Many millennials, millions in fact, have downloaded Tinder. Some are looking for new friends, some for a relationship, and some for casual sex.
If you’re unfamiliar with it or have never downloaded it to your smartphone, it is essentially a dating app. You sign in via Facebook, and are given a list of people with whom you can like or pass on. Swipe left to pass, and swipe right to like them. If you like someone’s profile and they also like yours, you are matched and can begin messaging one another.
Tinder profiles don’t give you much information to go on, which seems to encourage messaging people you’ve matched with. They just have a few photos, a tagline, and that’s about it.
When using the app it suggests people based off your location, and you can change the settings to get more suggestions by increasing the mileage the app searches. You can also have it search for people within a certain age, so you can comb through users easier.

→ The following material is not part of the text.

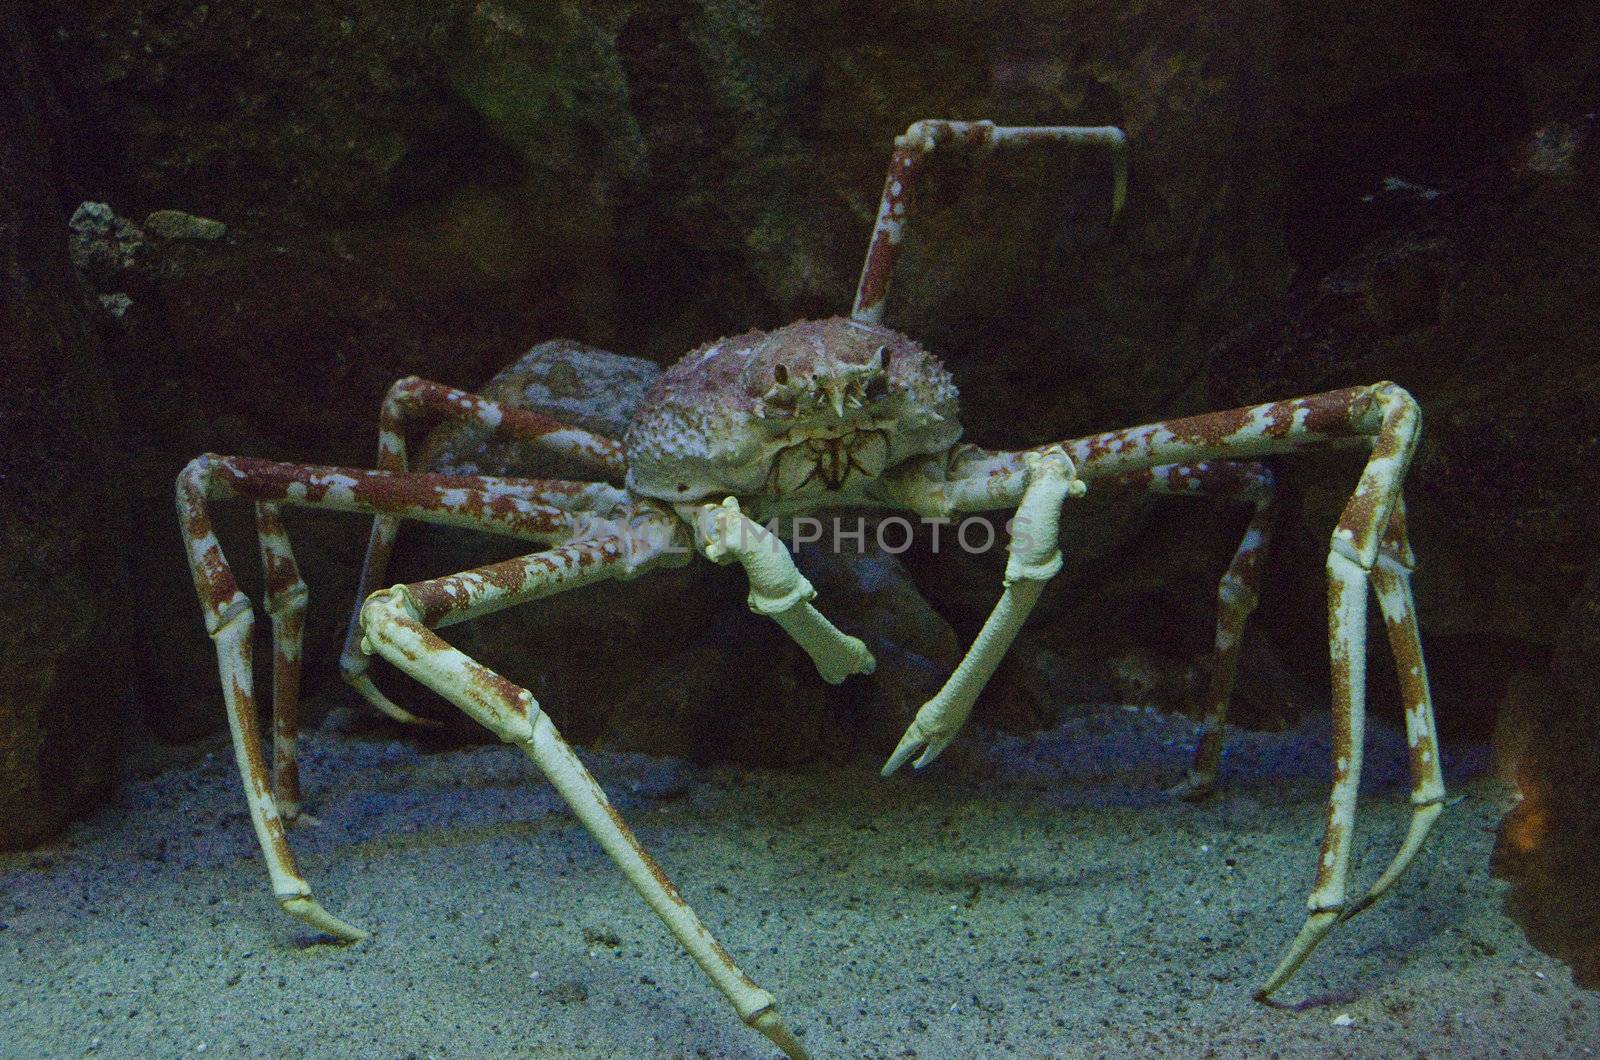 Japanese spider crab by Arrxxx

A lot of people who use the sex app aren’t really looking for much more than casual sex or a short term relationship. It’s not the best app for looking for the love of your life, although there have been some people who did.

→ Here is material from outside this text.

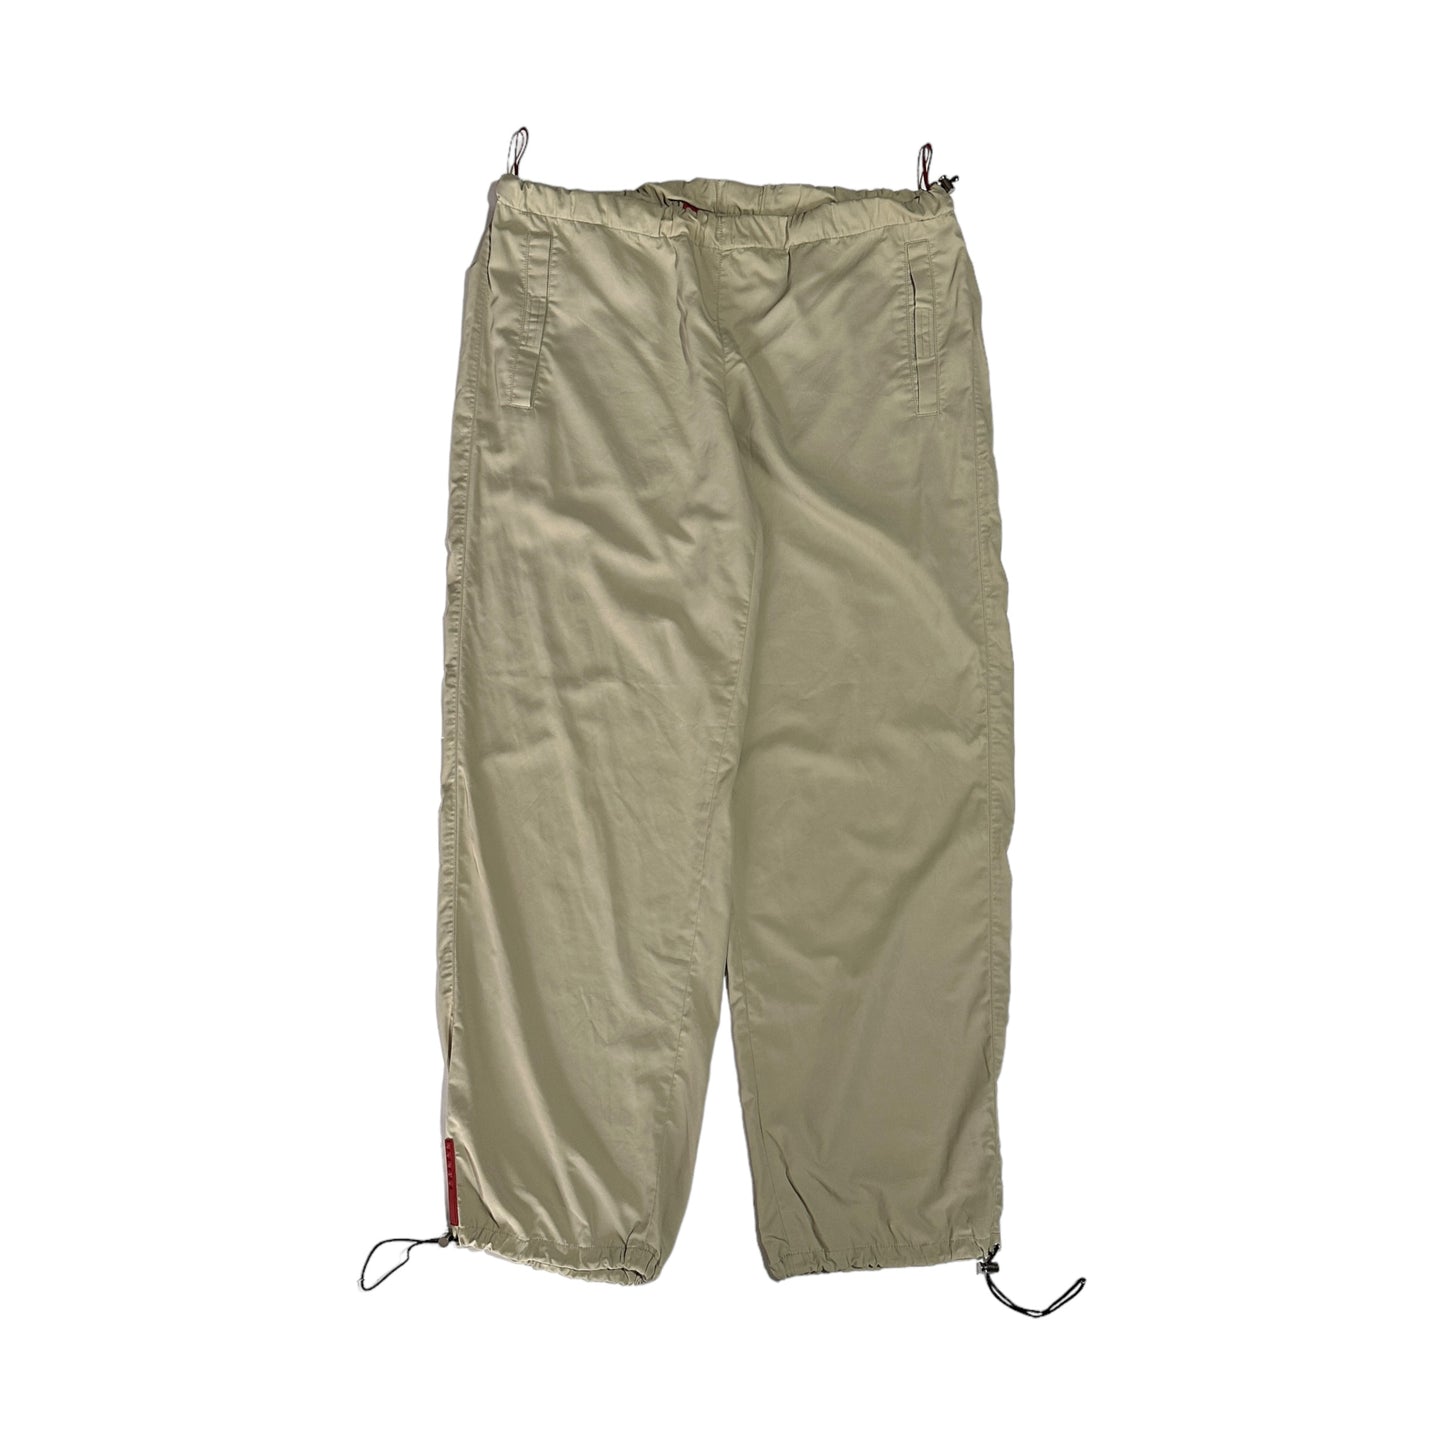 00’s Adjustable Nylon Pants (44W)

If you’re a girl, you’re going to have to wade through a bunch of creepy and weird messages full of awful pickup lines. To avoid this, I’d recommend swiping right only frequently.
Guys will swipe right so much that eventually they’ll have multiple matches. This is going to provide them with plenty of practice with talking to girls, but they don’t always learn from their mistakes.
Does using Tinder make you shallow? Well, you are judging people pretty much solely off their appearance, as there isn’t a very detailed profile to get a real idea about someone.
Your profile is meant to give someone a general idea about you, and if you match this encourages interaction to learn more about you.
At a glance, Tinder seems to be rather shallow, but if you use it you’ll find that it is not. It may seem like a hookup app, it does encourage communication more than other dating apps simply because it doesn’t give you a lot of details about people who use the app.
If you use Tinder just for sex and then never talk to the person again, then you’re using it in a shallow way. People who use it for a bit more than casual sex are using it in a genuine way, learning a bit about people they match with.
Tinder may appear to be shallow, but it is really up to the individual’s intentions. Casual sex is meant to be casual, and knowing a lot about each other isn’t the point. It’s casual sex for a reason. Tinder isn’t shallow, but the people who use it can be.